The VAT rate increase is expected to raise an additional R22,9 billion, which is nearly two thirds of the total additional tax revenues expected from all the tax proposals announced in the budget. The VAT rate increase will have a significant impact on poor households, although the blow is somewhat softened through a higher than inflation increase in social grants and the zero rating of basic food items, which remain intact. However, it is also proposed that from 1 April 2018, only brown bread and whole wheat brown bread will be zero rated, whereas rye or low GI bread will become subject to the new standard rate from that date.
The VAT rate increase was motivated as being necessary to meet spending commitments and to prevent further erosion of public finances. The VAT rate increase was preferred over an increase in personal income tax (PIT) and an increase in the corporate tax rate. A concern was raised that an increase in PIT would constrain growth and investment, and that companies may respond to a corporate tax rate increase by raising prices, lowering wages or retrenching workers.
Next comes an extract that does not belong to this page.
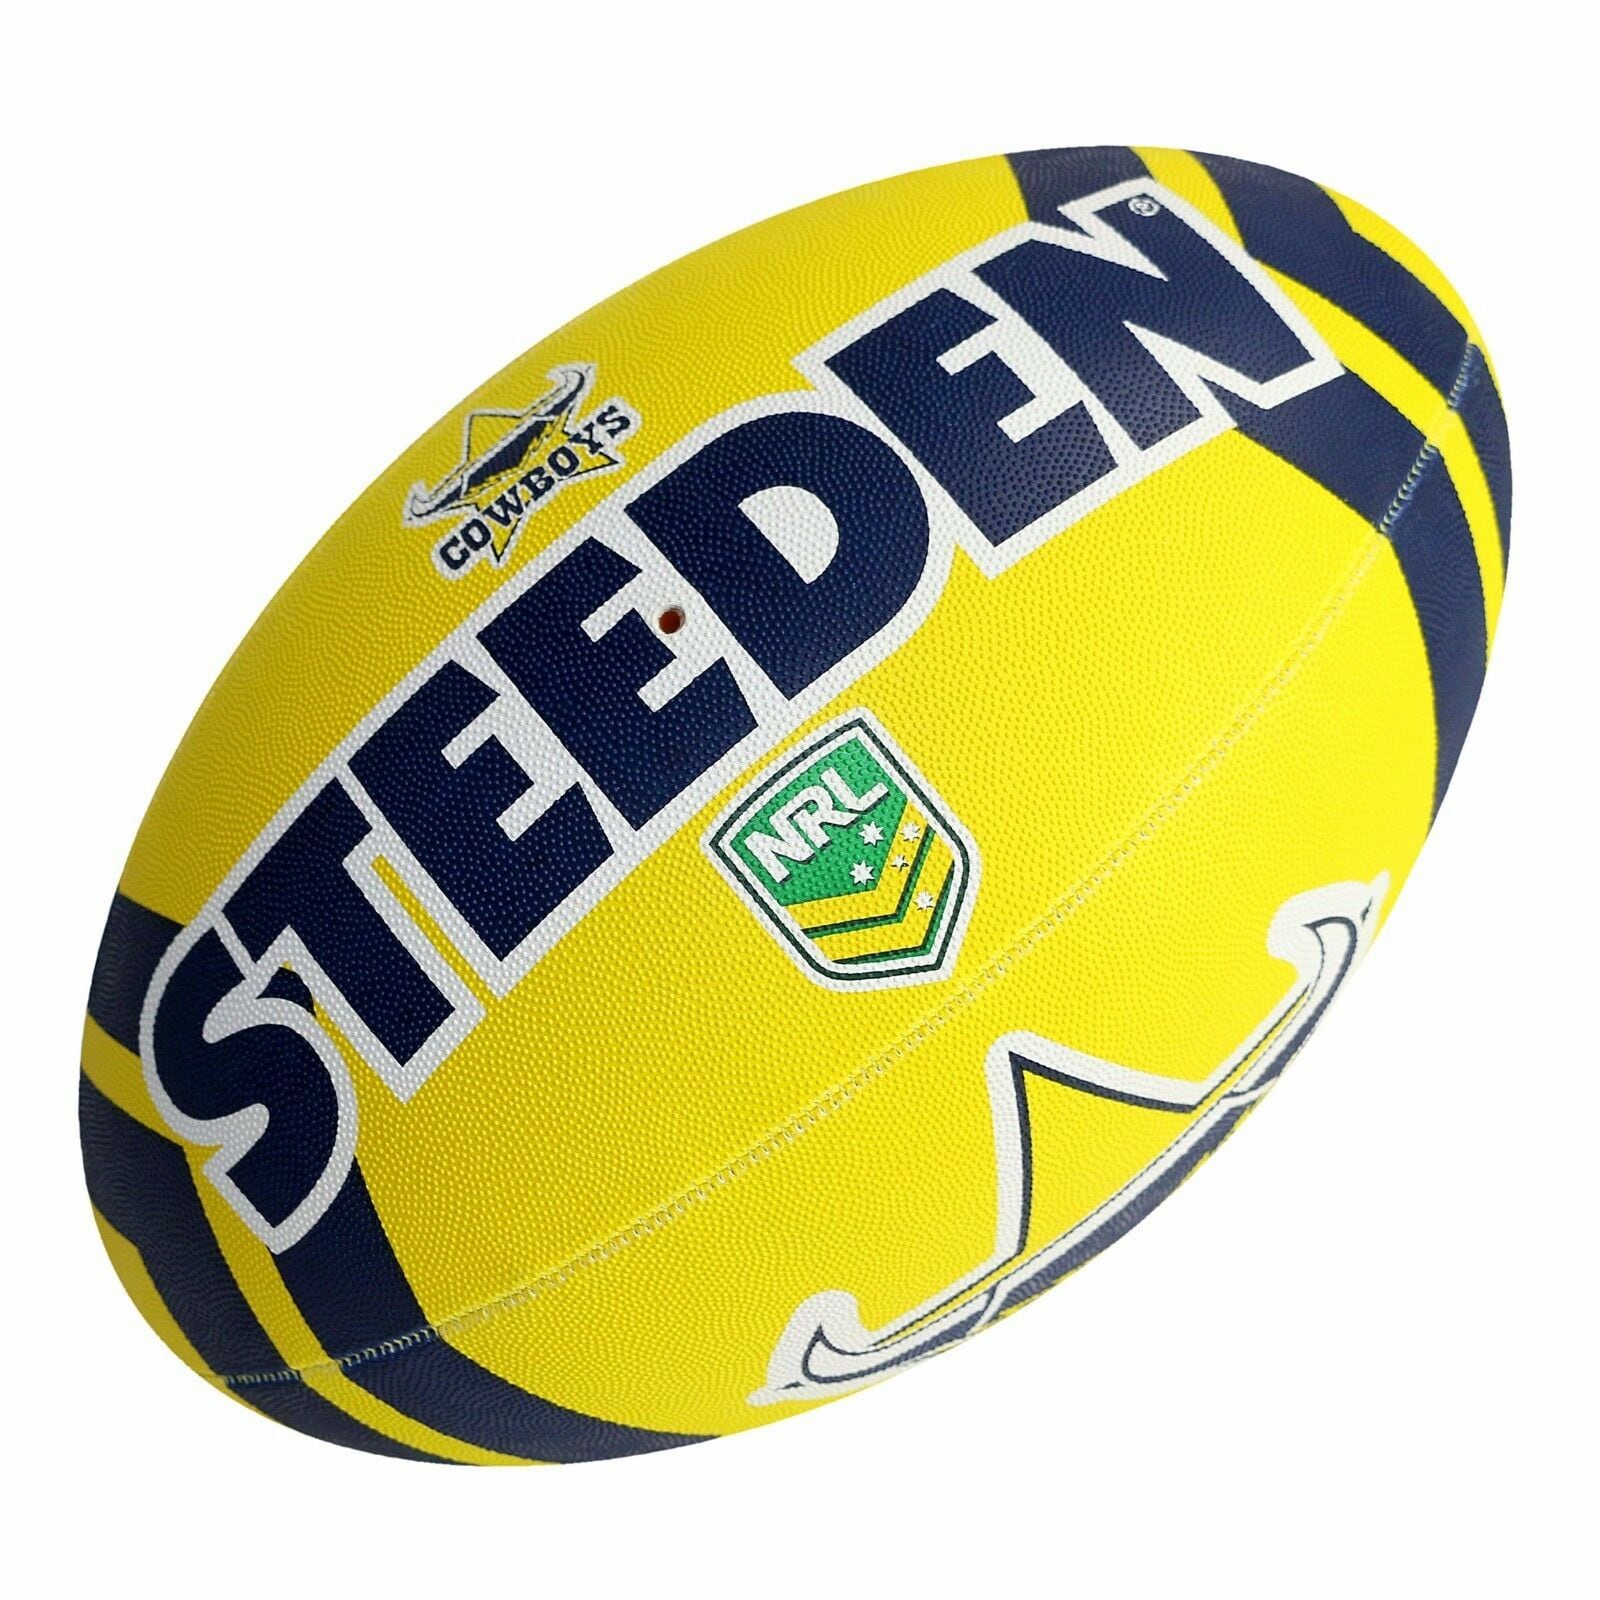 【STEEDEN】Cowboys Supporter Ball Size5

An introduction of a higher VAT rate on luxury goods was considered but is not proposed mainly on the back of the Davis Tax Committee’s (DTC) findings that there is no global evidence that a luxury goods VAT rate would meaningfully improve equity in the VAT system. The DTC found that multiple VAT rates add significantly to the complexity of the VAT system, and pointed out that a number of so-called luxury goods, including motor vehicles, cell phones, perfume and photographic equipment already bear an ad valorum excise charge, upon which VAT is again levied. These ad valorum duties are also increased with effect from 1 April 2018.
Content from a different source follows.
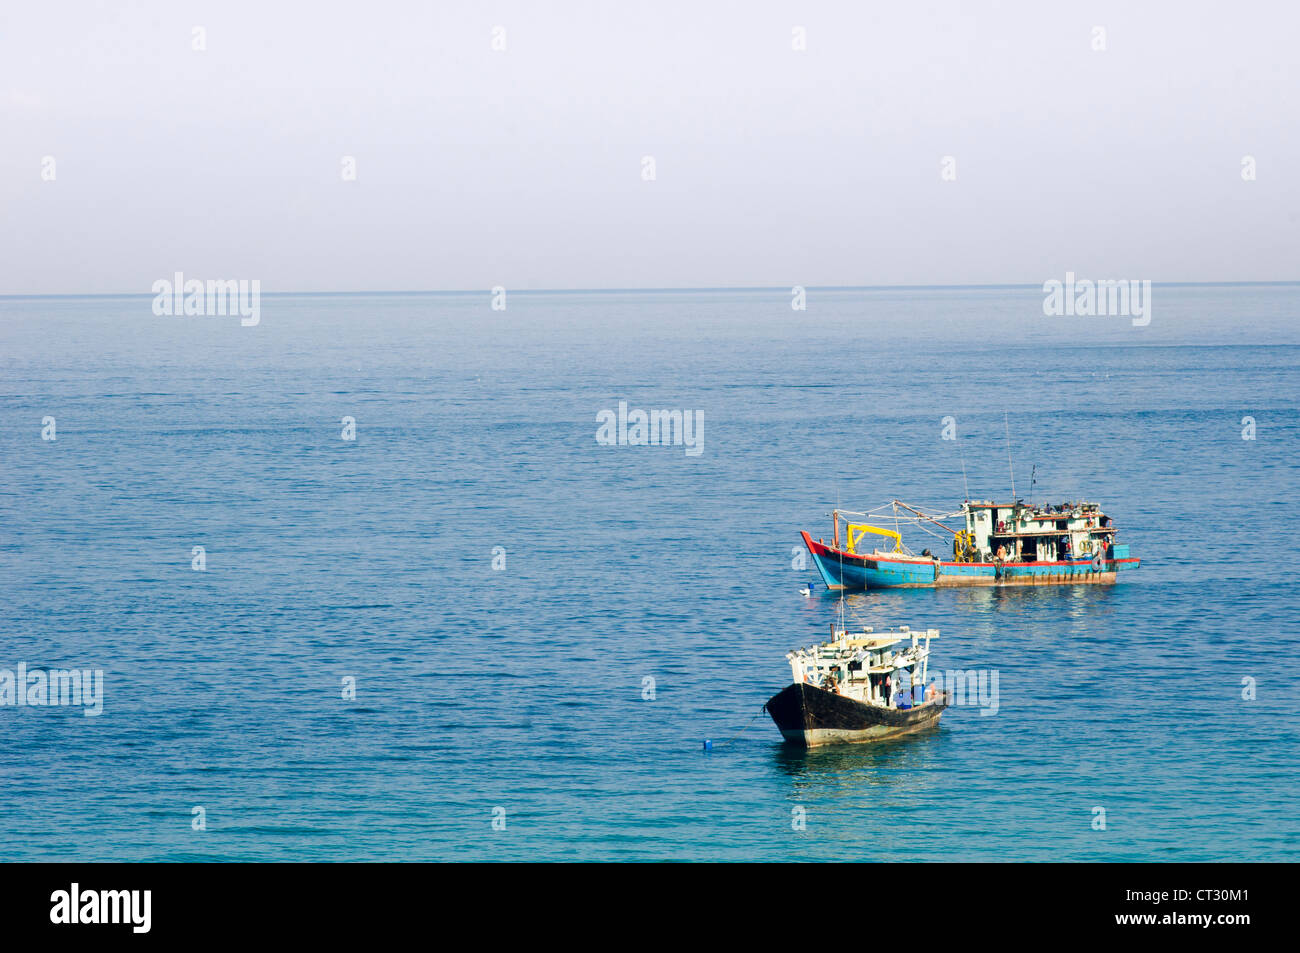 Los barcos de pesca en el mar en calma, la foto es tomada en Pulau Tioman, Malasia. Foto de stock

The proposed effective date of 1 April 2018 does not leave much time for vendors to amend their systems and procedures to properly implement the VAT rate increase from that date. Some of the industries that will be most affected by the change are the financial services sector and the insurance industry, which face a number of practical challenges with regard to supplies made before, during and after the effective date of the increase.
Businesses who sell their goods and services on a cash basis and who have extended credit terms with their suppliers, may experience a positive cash flow impact on their business as a result of the VAT rate increase. However, businesses who supply their goods or services on extended credit terms and which are generally required to pay their creditors before they collect payments from their customers, will experience a negative cash flow impact resulting from the VAT rate increase. These businesses may even require additional working capital. Exporters who are in a constant refund situation will also look to SARS to process their refunds timeously in order to alleviate the cash flow impact on their businesses.
There are a number of provisions in the VAT legislation that deal with supplies over the transitional period from the current rate to the new rate, as well as certain anti-avoidance provisions to prevent vendors from structuring transactions to avoid paying VAT at the new rate.